- [DATA BELOW]:
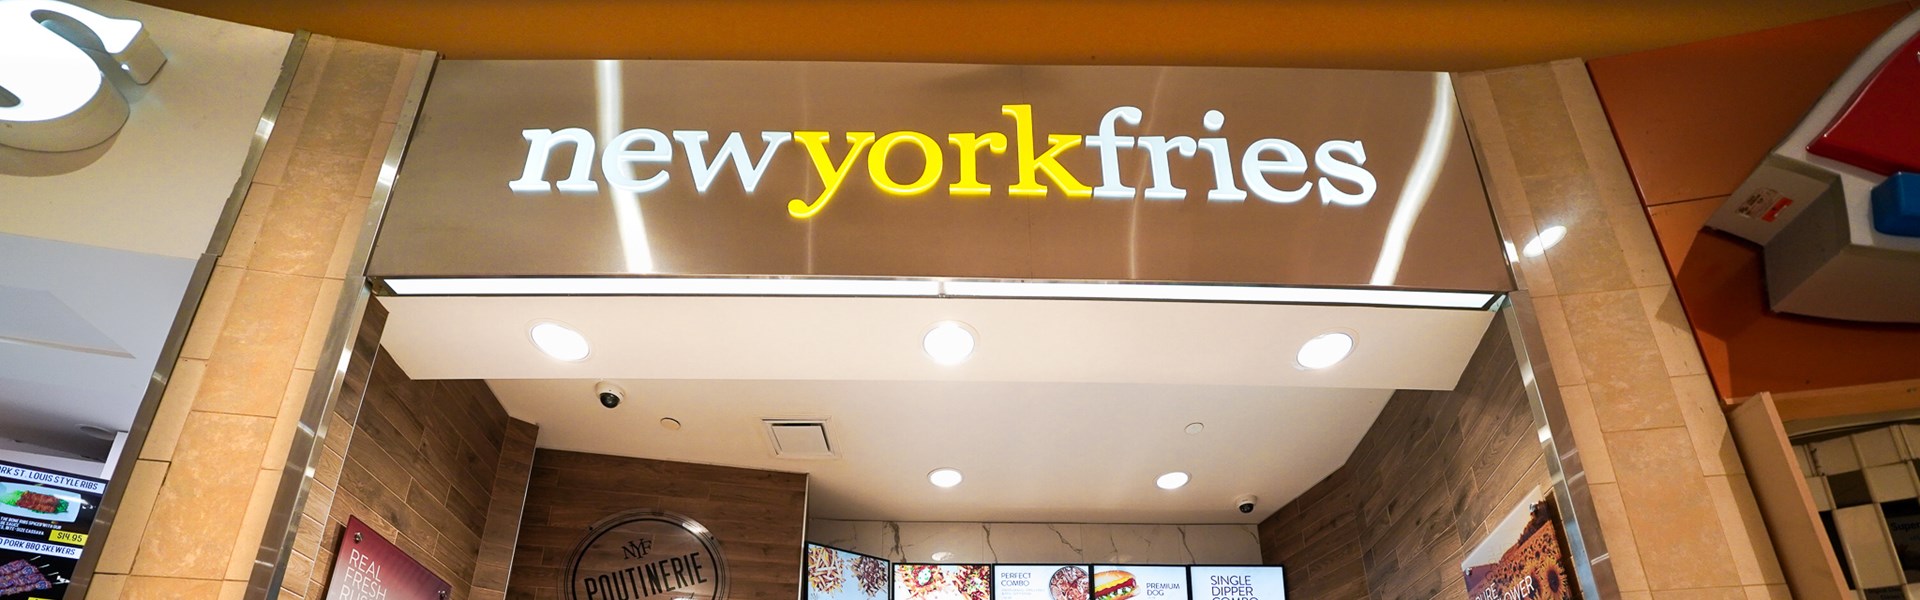 New York Fries - Phase I
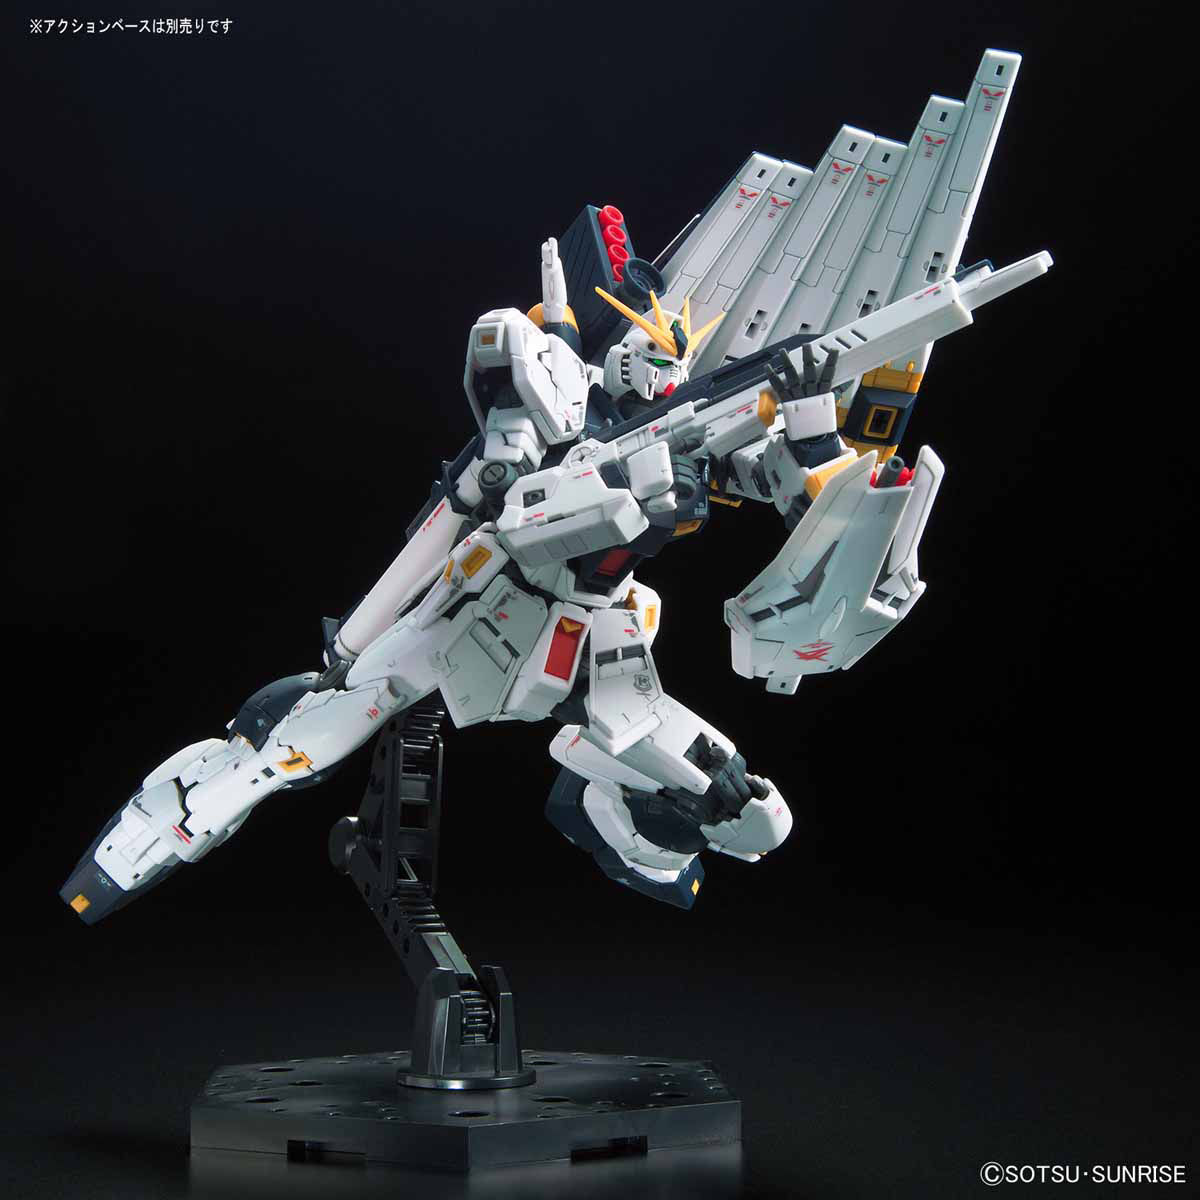 Gundam Real Grade Excitement Embodied 1/144 Scale Model Kit: #35 Wing Gundam  
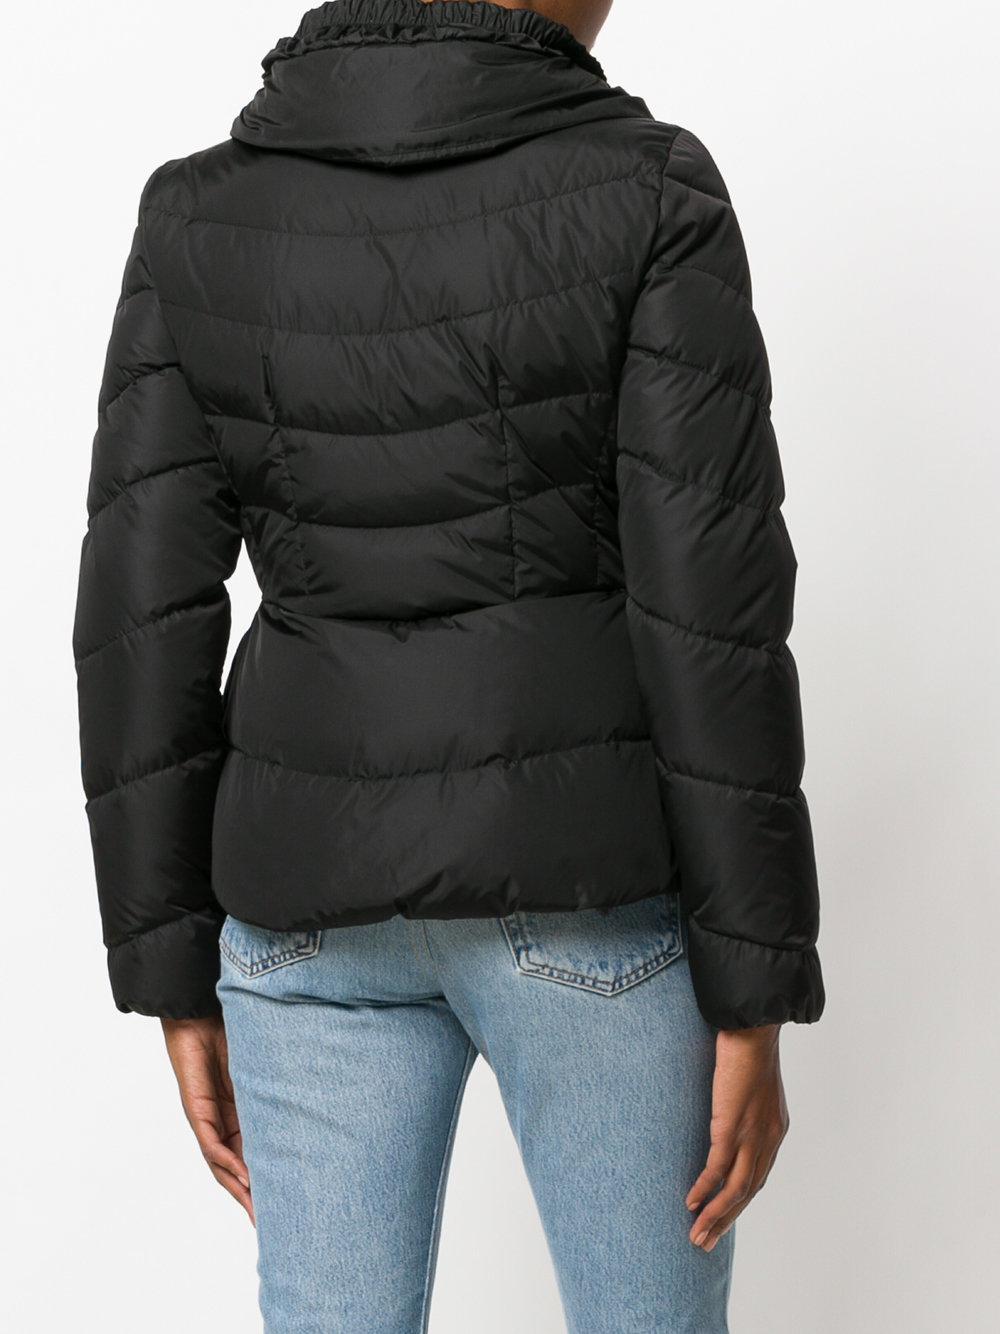 Lyst - Moncler Miriel Jacket in Black
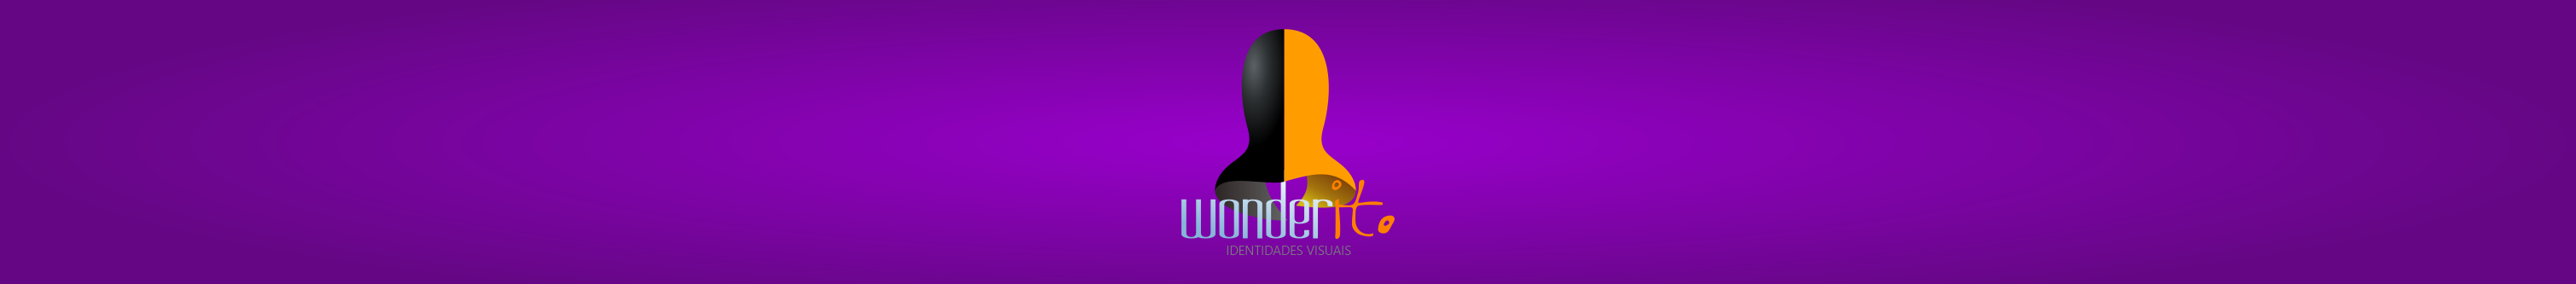 Wonder It Design's profile banner

- [TASK STATEMENT]: Transcribe all of the material exactly, leaving out whatever pictures it contains.

- [OUTPUT BELOW]:
 New York Fries - Phase I
 Gundam Real Grade Excitement Embodied 1/144 Scale Model Kit: #35 Wing Gundam  
 Lyst - Moncler Miriel Jacket in Black
 Wonder It Design's profile banner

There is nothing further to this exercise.